The Ingrian Finns - the Lutheran Finnish-speaking peasantry who lived in the territory Sweden took - became the long shadow of this war. Sweden encouraged Finnish migration into Ingria over the next century, and the Ingrian Finns became a distinct ethnic group, Finnic in language and Lutheran in religion in a region surrounded by Orthodox Russians. They survived as a community until the twentieth century. Stalin deported tens of thousands of them to Siberia in 1936 and again during the Second World War. By the post-Soviet era only fragments of the community remained. The peasants displaced by border shifts in 1617 lived through three centuries of subsequent border shifts. The Treaty of Stolbovo's lines disappeared when Peter the Great retook Ingria in the Great Northern War a century later, founded Saint Petersburg on the Neva delta in 1703, and made the territory Russian again.
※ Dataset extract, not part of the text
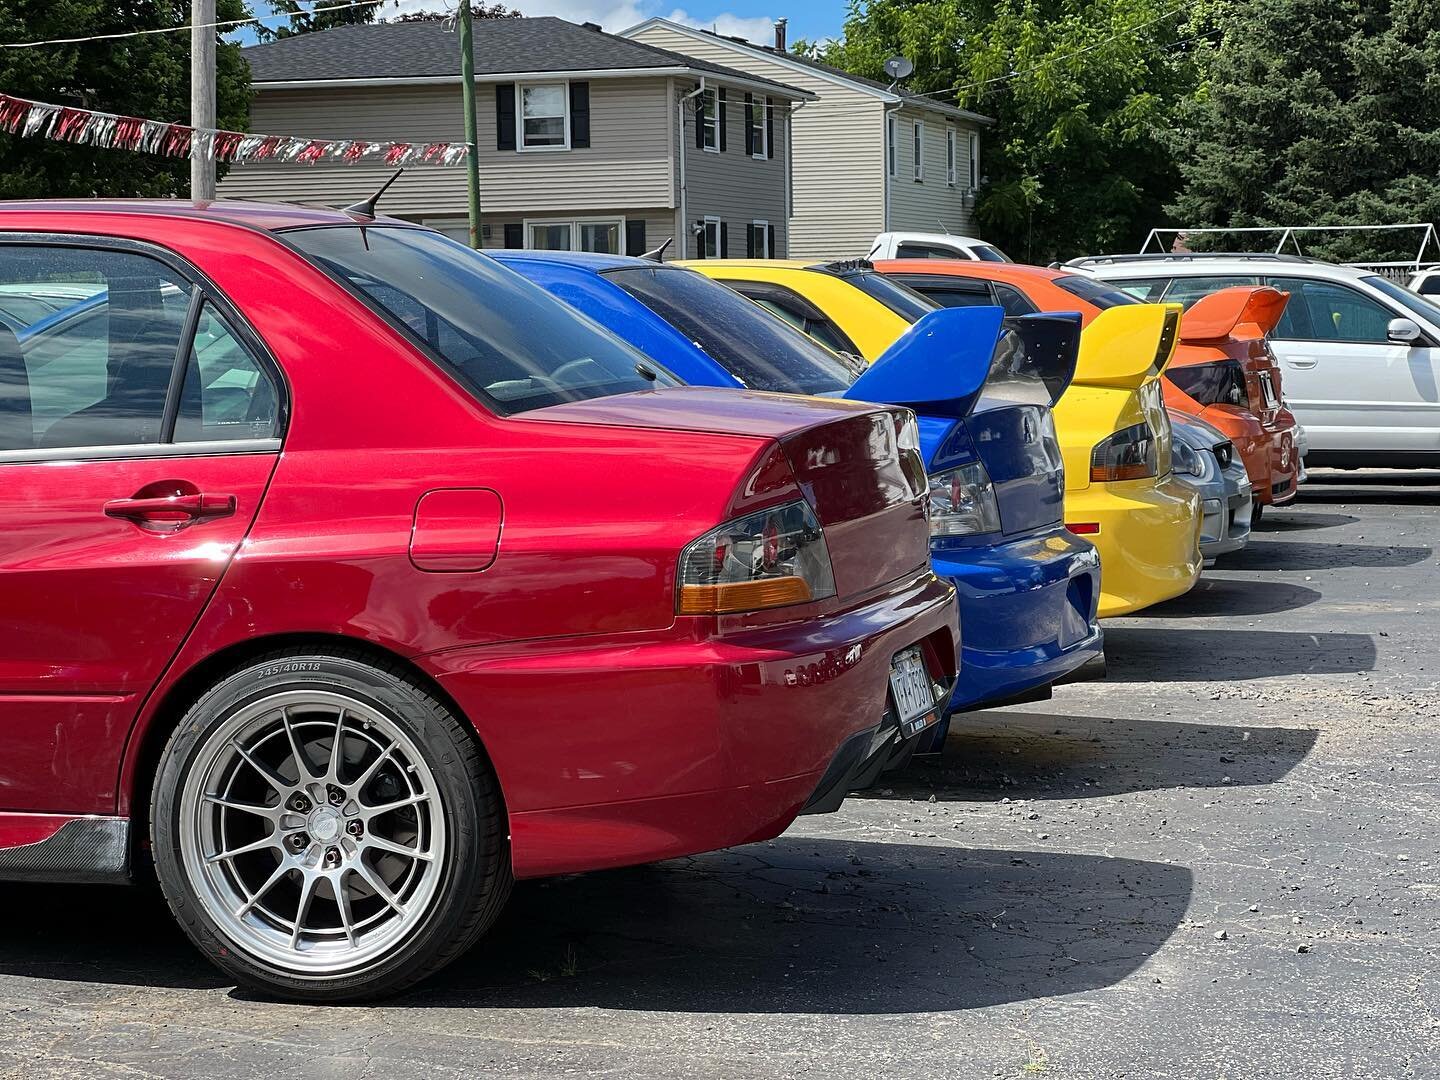 As car enthusiasts we like vehicles that catch our eye. That&rsquo;s why at Dialed In we hand pick our inventory from across the country. Finding exactly what we would want to buy if we were the consumer.. because we were the consumer!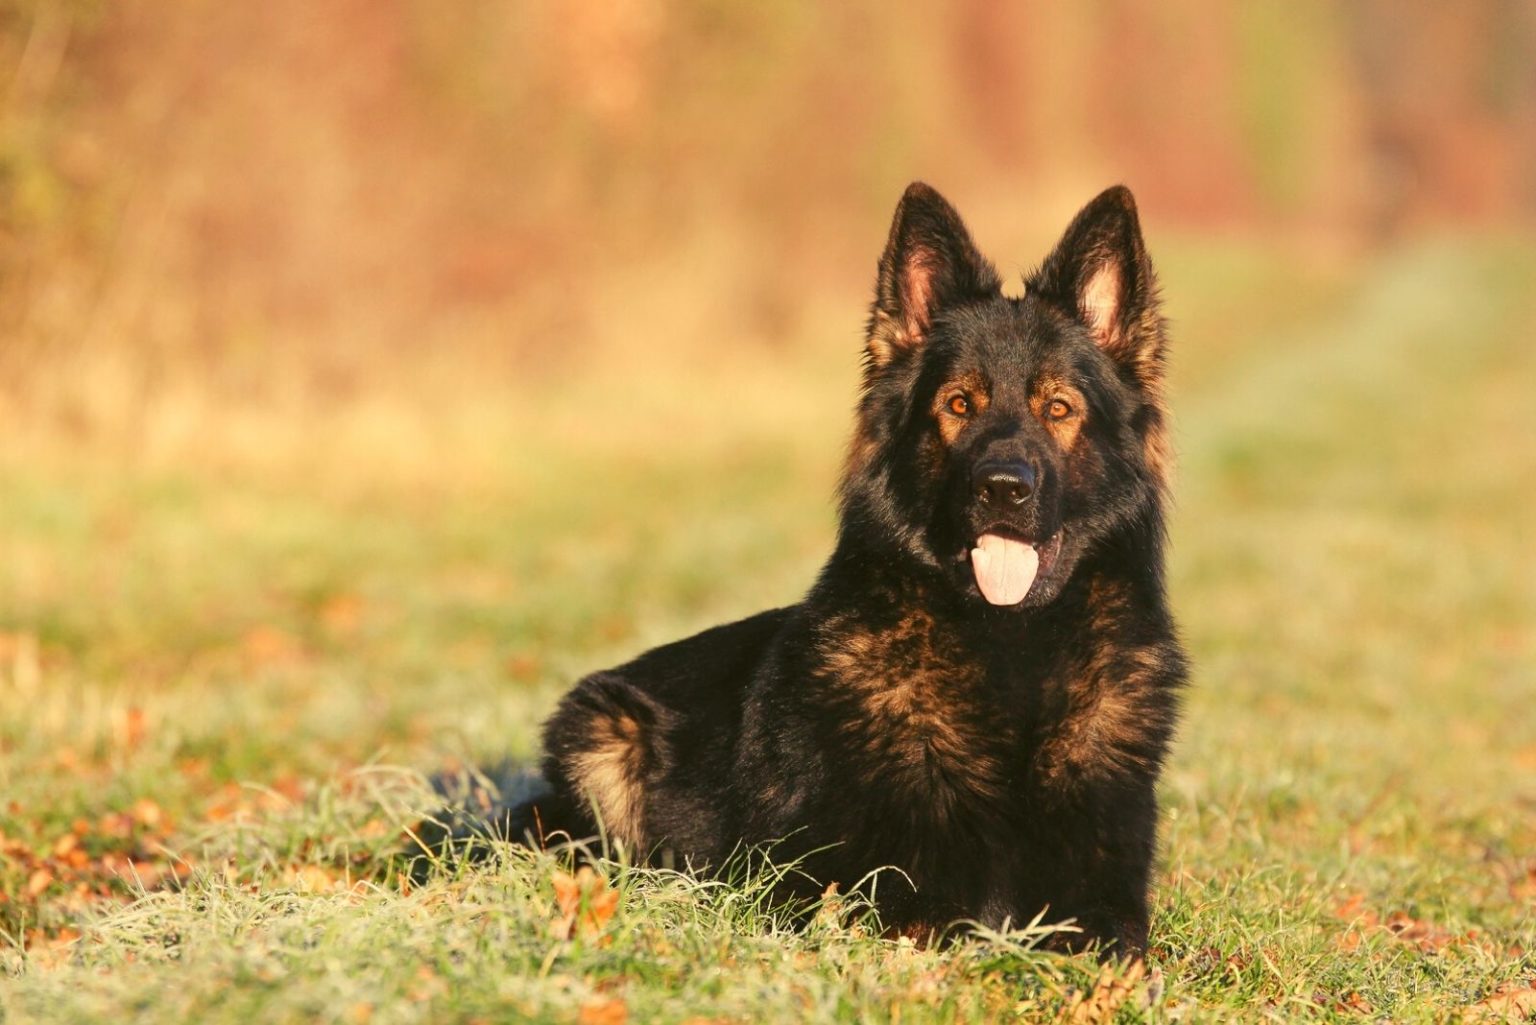 Sable German Shepherd: What You Didn't Know

But the Ingrian Finns remained. The community is now mostly gone. The territory is now part of Leningrad Oblast and the Saint Petersburg metropolitan area, and the war that created the original Swedish Ingria is largely forgotten outside of specialist Russian and Swedish history.

From the Air

The Ingrian War's central battleground was northwest Russia and the eastern Baltic coast - a triangle bounded by Novgorod, Pskov, and the Gulf of Finland. The decisive locations - Ivangorod, Koporye, Noteborg (now Shlisselburg), Korela Fortress (now Priozersk) - lie within roughly 200 km of modern Saint Petersburg. The treaty was signed at Stolbovo, a village on the Tikhvinka River about 175 km east of Saint Petersburg at approximately 59.63°N, 29.30°E. Pulkovo Airport (ULLI) is the nearest major airport. From cruising altitude over the region today, the layered border history is visible in the surviving fortresses and the modern Russia-Estonia frontier on the Narva River.